I really want to contact this person about this tegu, it looks great and looks like an incredible deal, what do think?

Exreme for sale


----------



## Diesel (Jul 3, 2011)

If it's an extreme i am sure you would have to build a new cage. However, i am sure you already are going to. So you can give me that one . JK. It looks beautiful has a nice pattern and for only 200 for everything. Sounds like a steal. I think you should start planning on what you want to name him/her and do it .


----------



## james.w (Jul 3, 2011)

That enclosure belongs/belonged to someone on here I believe.


----------



## reptastic (Jul 3, 2011)

Yep you are right its mr.critter's which would make this tegu Peewee aka vegeta, he is an 09 blizardXsugar, originally owned by AWD247, its funny i watched this tegu grow up from a little hatchling


----------



## slideaboot (Jul 3, 2011)

Do it!!! SCREAMING DEAL!


----------



## Bubblz Calhoun (Jul 3, 2011)

_Just looking at the pattern alone,.. I'm surprised you even have to ask. Plus this makes the second or third time he has been re homed and he's not even 2yrs old yet :huh:.

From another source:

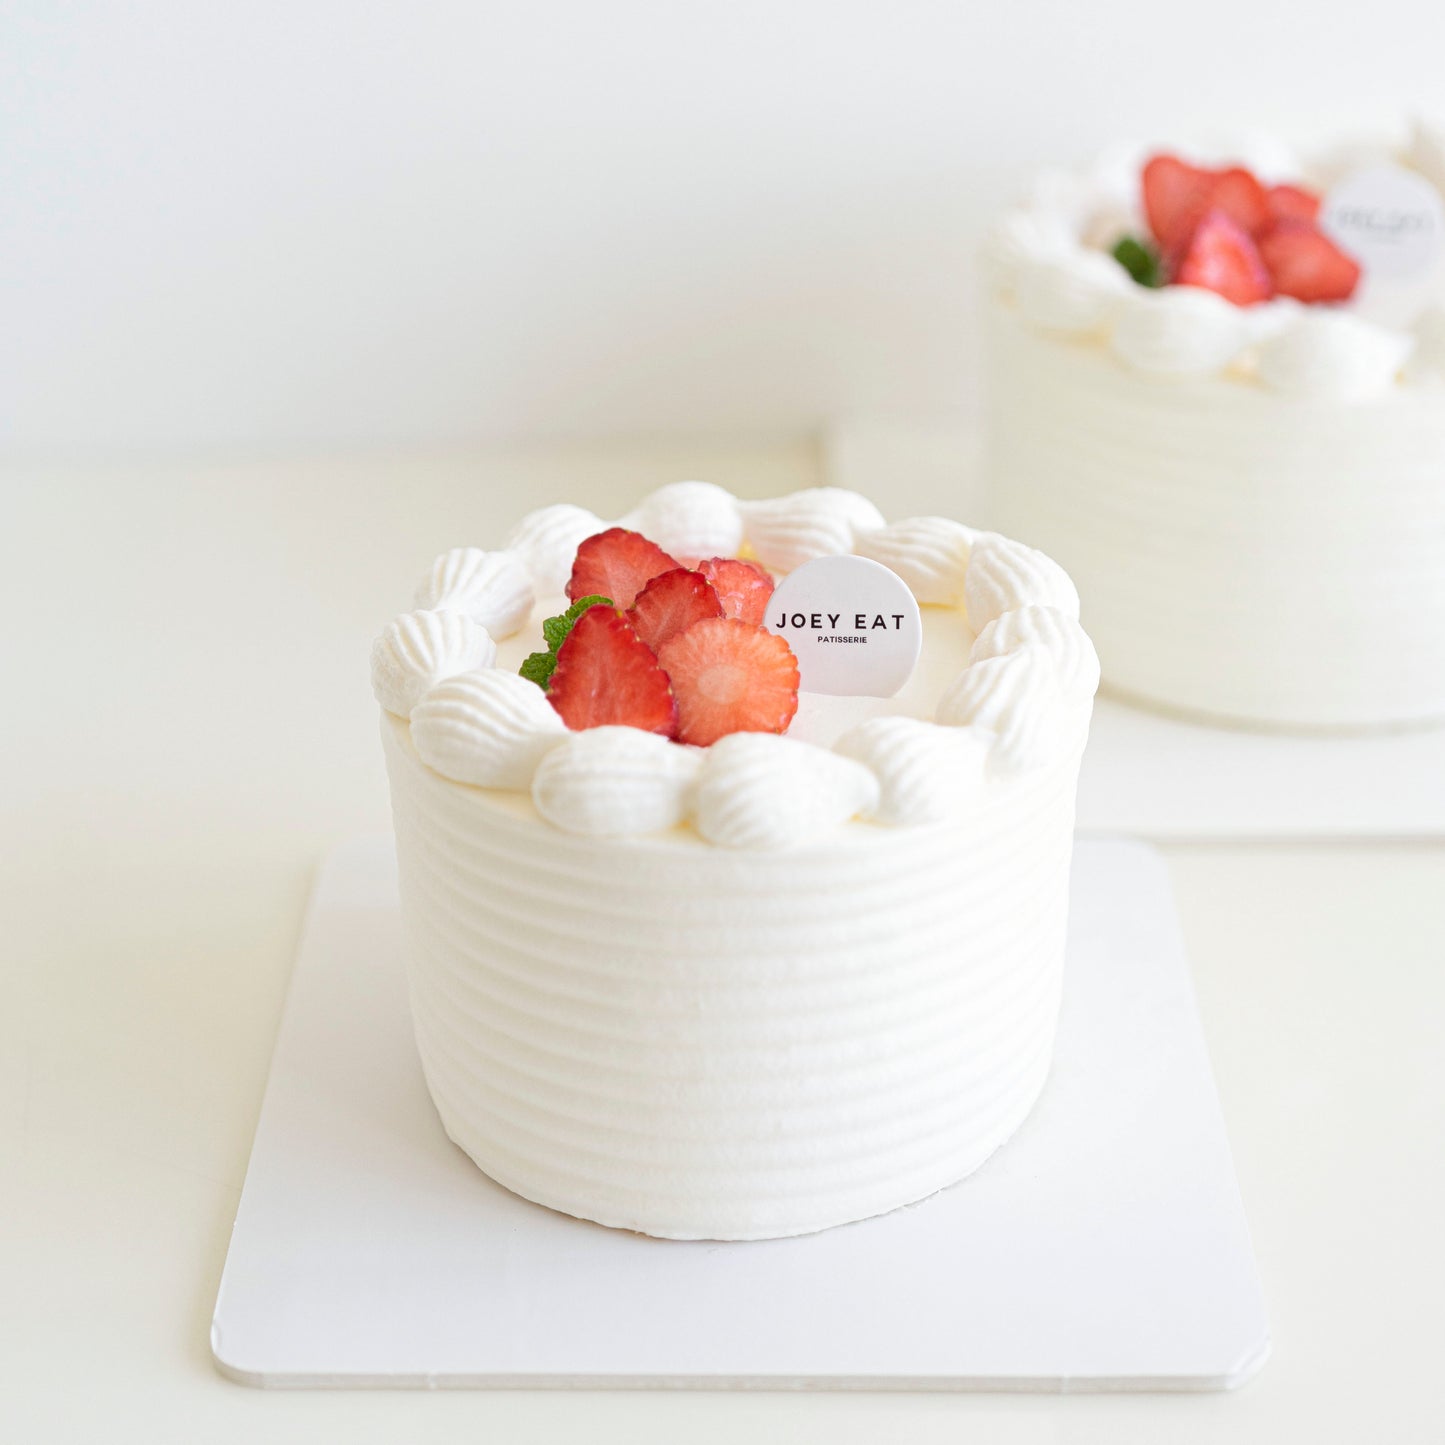 Strawberry Shortcake – Joey Eat Patisserie

I remember the Vegeta Diaries  _


----------



## reptastic (Jul 3, 2011)

definately him

Mrcritters tegudefinately him

Mrcritters tegu


----------



## Bubblz Calhoun (Jul 4, 2011)

_The links don't work_


----------



## herpgirl2510 (Jul 4, 2011)

It looks like he may lose more of his tail I am looking at the part that looks like an elastic is round it. I wonder why he has been rehomed so many times?


----------



## reptastic (Jul 4, 2011)

I know AWD247 originally owned him, he then sold him to mrcritter about probably a year ago, i dont know why he is selling him


----------



## Bubblz Calhoun (Jul 4, 2011)

_Herpgirl if you're talking about the part that looks like an hour glass,.. that's just his tail markings. Here are 2 previous threads of him.

Extreme Giant PeeWee Aka Vegeta
http://www.tegutalk.com/showthread.php?tid=1499

Vegeta Diaries
http://www.tegutalk.com/showthread.php?tid=3159#axzz1R9cEarvK_


----------



## reptastic (Jul 4, 2011)

Thanks bubblz, idk why my links werent working


----------



## herpgirl2510 (Jul 5, 2011)

Thanks I need to get my eyes checked. It looked he way Tonka's tail looked when I got him I always worry when he sheds it will get worse.

Good deal even if you can't use the enclosure for his whole life you will find something else to put in it.


----------



## reptastic (Jul 5, 2011)

Yeah, its kinda a wait and see game now, i was gonnna call him today(after the fourth) but someone flaggged the friggin post, ugh i hate those flaggers, so i posted a message on there for him to call me, i really hopes he sees it


----------